In the top image, that’s one small stack of $100 bills totaling $10,000 next to a small pile totaling $1 million in  front of ten pallets  that total $1 billion (you might recall that the U.S. shipped many pallets like these to Baghdad during the Iraq War). In case you don’t immediately see them, these three are all reproduced at the lower left of the bottom image.

It’s probably not very difficult for those few central bankers who happen to work in natural resource rich western nations to slam policy makers in the U.S. and Europe for their recent bungling of debt troubles, this MarketWatch report providing the latest comments by Reserve Bank of Australia Governor Glenn Stevens.

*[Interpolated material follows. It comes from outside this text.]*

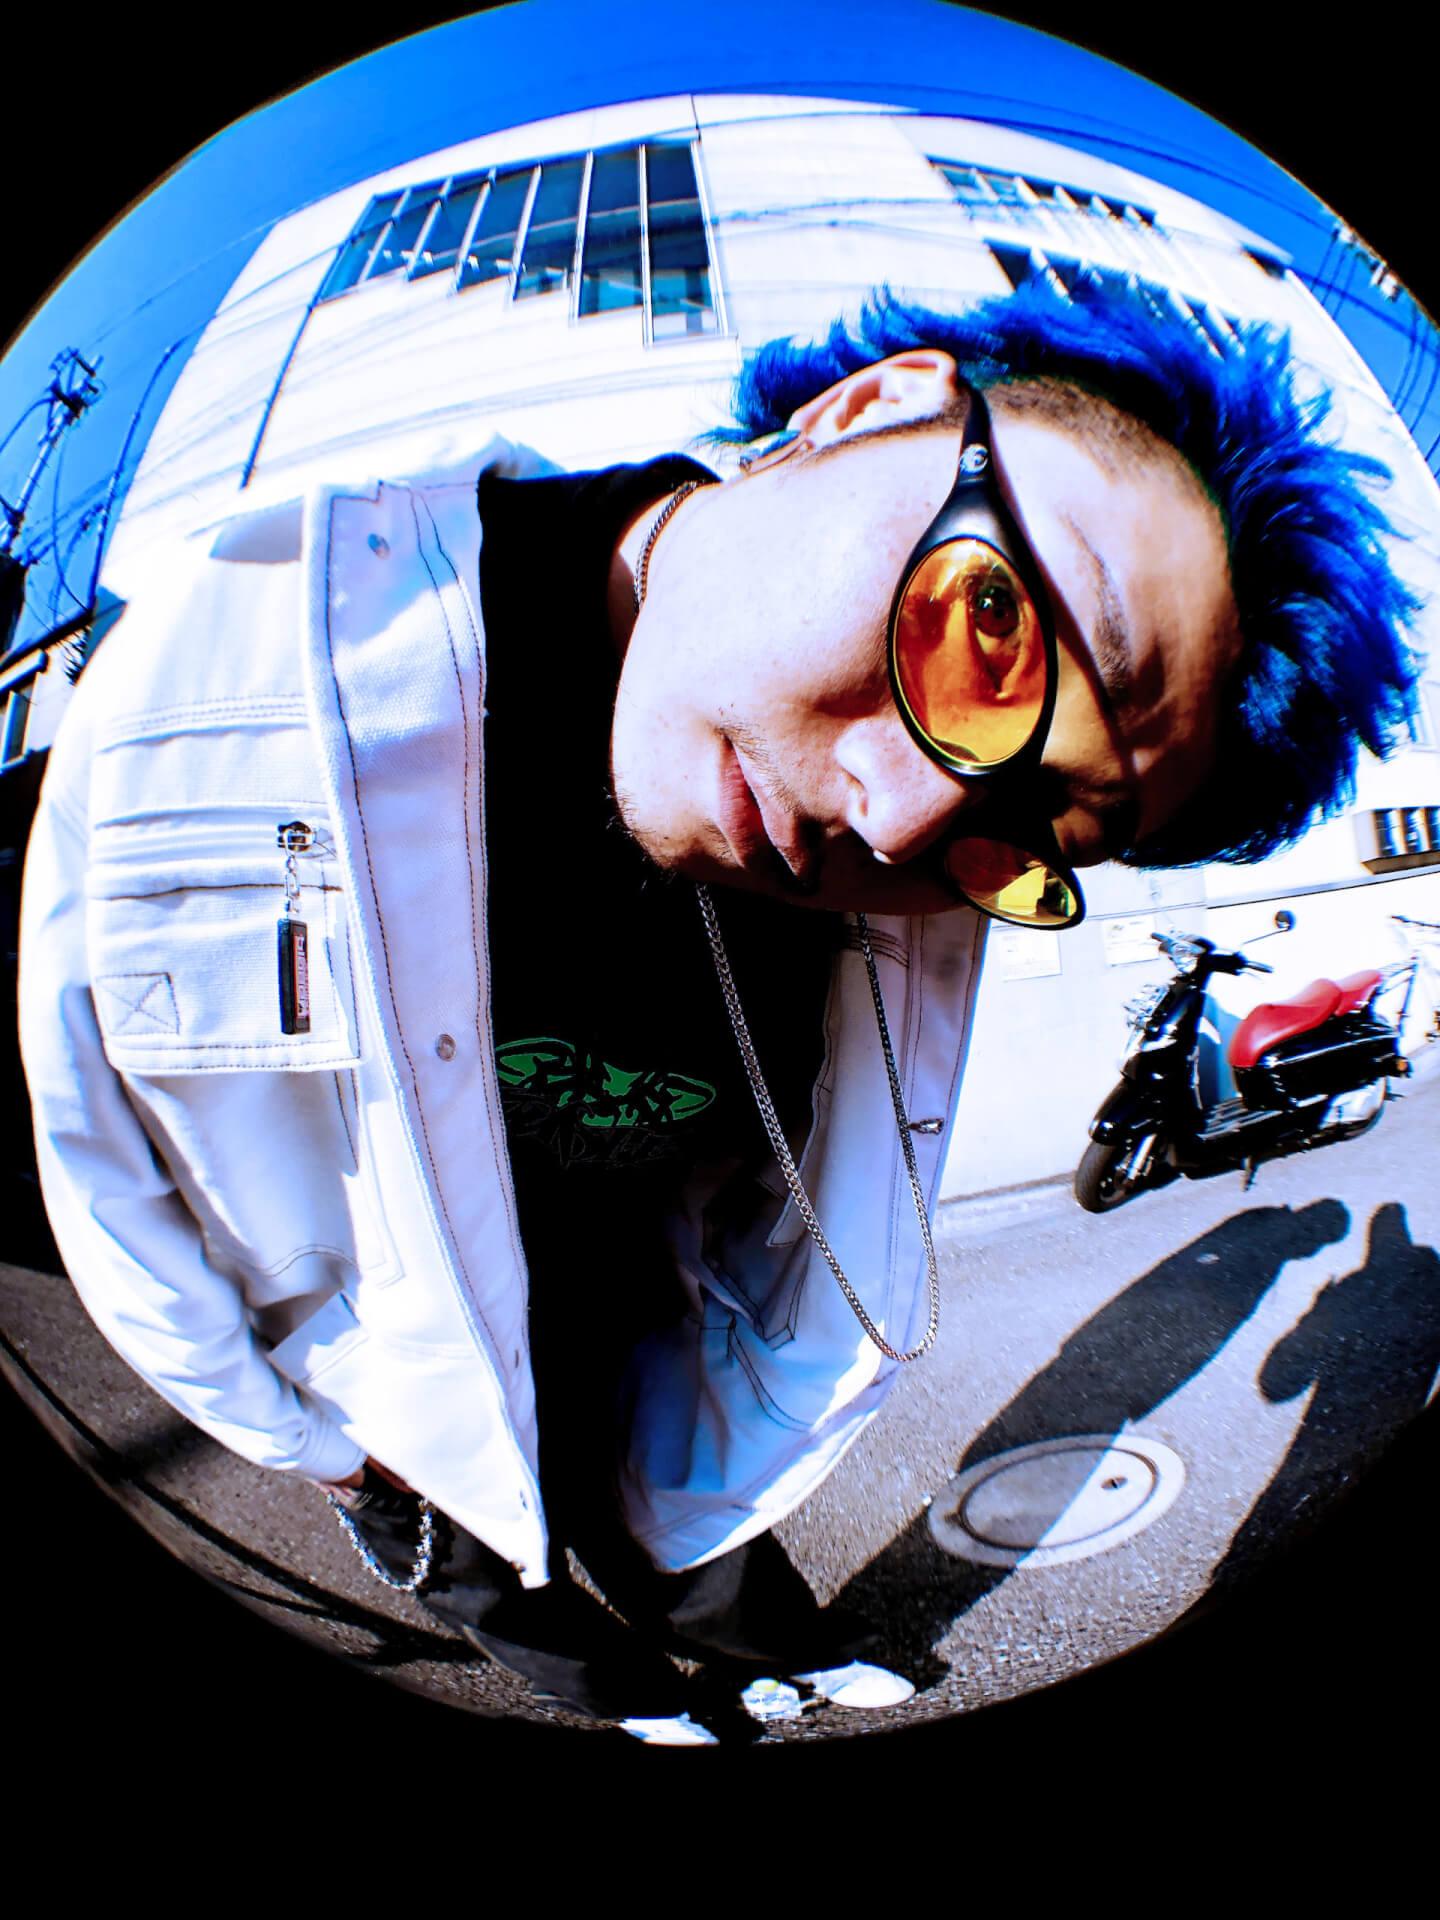 "JUBEEがSARA-Jを迎えた2ステップ・サウンドの楽曲""Joyride""のMVを公開|BABEL LABEL・Riku Ozamaが監修 music200721_jubee_1"

Stevens said “in both the U.S. and European cases, the process of allowing things to go right to the brink of a very disruptive event before an agreement is reached on the way forward has been a source of great uncertainty and anxiety around the world … [and] that anxiety has extended to Australia.”

It’s hard to sympathize with Stevens since, without the consumption and debt excesses in the U.S, China would not require near the amount of raw materials they currently import from Australia where, lately, there is renewed concern that the long-delayed bursting of a housing bubble might come sooner rather than later, the first inkling of fear at the central bank apparent with comments like these:

Turning to the Australian economy, Stevens said that Australians should develop some “longer-term perspective” over household income, spending and saving trends.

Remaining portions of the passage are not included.